Pytorch bias quantisation on aarch64 - how best to proceed?

christinaburge commented 1 month ago

Hi! Following on from the issue https://github.com/oneapi-src/oneDNN/issues/1864, I have been doing some further investigation and it looks like it's relatively straightforward to add quantized bias by making these super-hacky changes to

pytorch/third_party/ideep/mkl-dnn/src/cpu/gemm_x8s8s32x_convolution_utils.cpp

            float data,b ;

            if (jcp_.with_bias) {
                // the bias is not properly quantized so this is a hack for now         
                if (jcp_.bias_data_type == dnnl_s32) {
                 b = io::load_float_value(dnnl_f32, bias, g * jcp_.oc + oc);       
                 int quant_b = static_cast<int32_t>(std::round(b / (scales[(g * jcp_.oc + oc) * jcp_.scale_idx_mult])));
                 data_s32 += quant_b;
                 // dequantize data
                 data = static_cast<float>(data_s32);
                 data *= scales[(g * jcp_.oc + oc) * jcp_.scale_idx_mult];
                }
                else {
                 b = io::load_float_value(jcp_.bias_data_type, bias, g * jcp_.oc + oc);
                 // dequantize data
                 data = static_cast<float>(data_s32);
                 data *= scales[(g * jcp_.oc + oc) * jcp_.scale_idx_mult];
                 data += b;
                } 
            }
            else{
// dequantize data
            data = static_cast<float>(data_s32);
            data *= scales[(g * jcp_.oc + oc) * jcp_.scale_idx_mult];
            }

Does that sound sensible? Or is there a better way to proceed?

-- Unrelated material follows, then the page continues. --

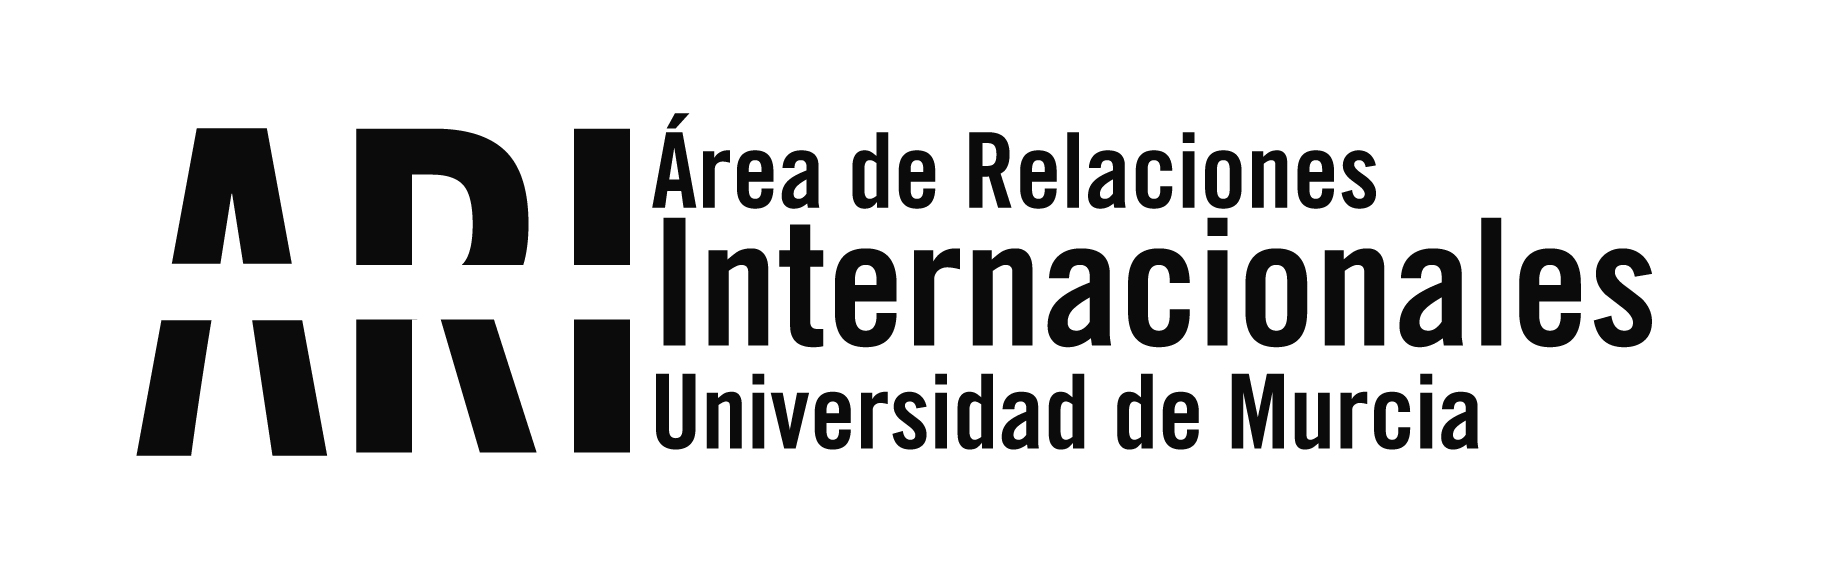 La Universidad de Murcia asiste a las Jornadas Anuales de Difusión e Información Erasmus+ 2019 de la SEPIE en Madrid - Área de Relaciones Internacionales

kminemur commented 1 month ago

Hi @christinaburge

May we know why you need this implementation, any background?

To use your-defined bias data type in oneDNN. you can change bias memory primitives & memory descriptor in cnn_inference_int8.cpp as a reference. // auto user_bias_memory = memory({{conv_bias_tz}, dt::f32, tag::x}, eng); --> auto user_bias_memory = memory({{conv_bias_tz}, dt::s8, tag::x}, eng);

// auto conv_bias_md = memory::desc({conv_bias_tz}, dt::f32, tag::any); --> auto conv_bias_md = memory::desc({conv_bias_tz}, dt::s8, tag::any);

DNNL_VERBOSE output should be: ~/project/oneDNN/examples$ ONEDNNVERBOSE=1 ./a.out | grep bia onednn_verbose,primitive,exec,cpu,convolution,brg_conv_fwd:avx2_vnni,forward_training,src_u8:a:blocked:acdb::f0 wei_s8:a:blocked:AcdB24a4b::f0 bia_s8::a:blocked:a::f0 dst_u8:a:blocked:acdb::f0,attr-scales:src0:0:f32+dst:0:f32+wei:0:f32 attr-post-ops:eltwise_relu,alg:convolution_direct,mb8_ic256oc384_ih13oh13kh3sh1dh0ph1_iw13ow13kw3sw1dw0pw1,14.845

dzarukin commented 1 month ago

@christinaburge Though your observation is correct and one can add such support the way you suggested, it is not really helping because of two reasons: 1) The library simply un-doing what the user just did - in particular, un-scale just scaled bias on their end. Performance-wise there's no point doing twice the work for nothing. 2) Programming model says the bias is applied after applying scales, so this would contradict with a definition - quantized bias is applied before scaling but non-quantized right after.

To keep the solution clean, bias should be passed non-quantized. We haven't restricted that for some reason, but we might consider doing that in the next major version to avoid such situations. Hope it helps.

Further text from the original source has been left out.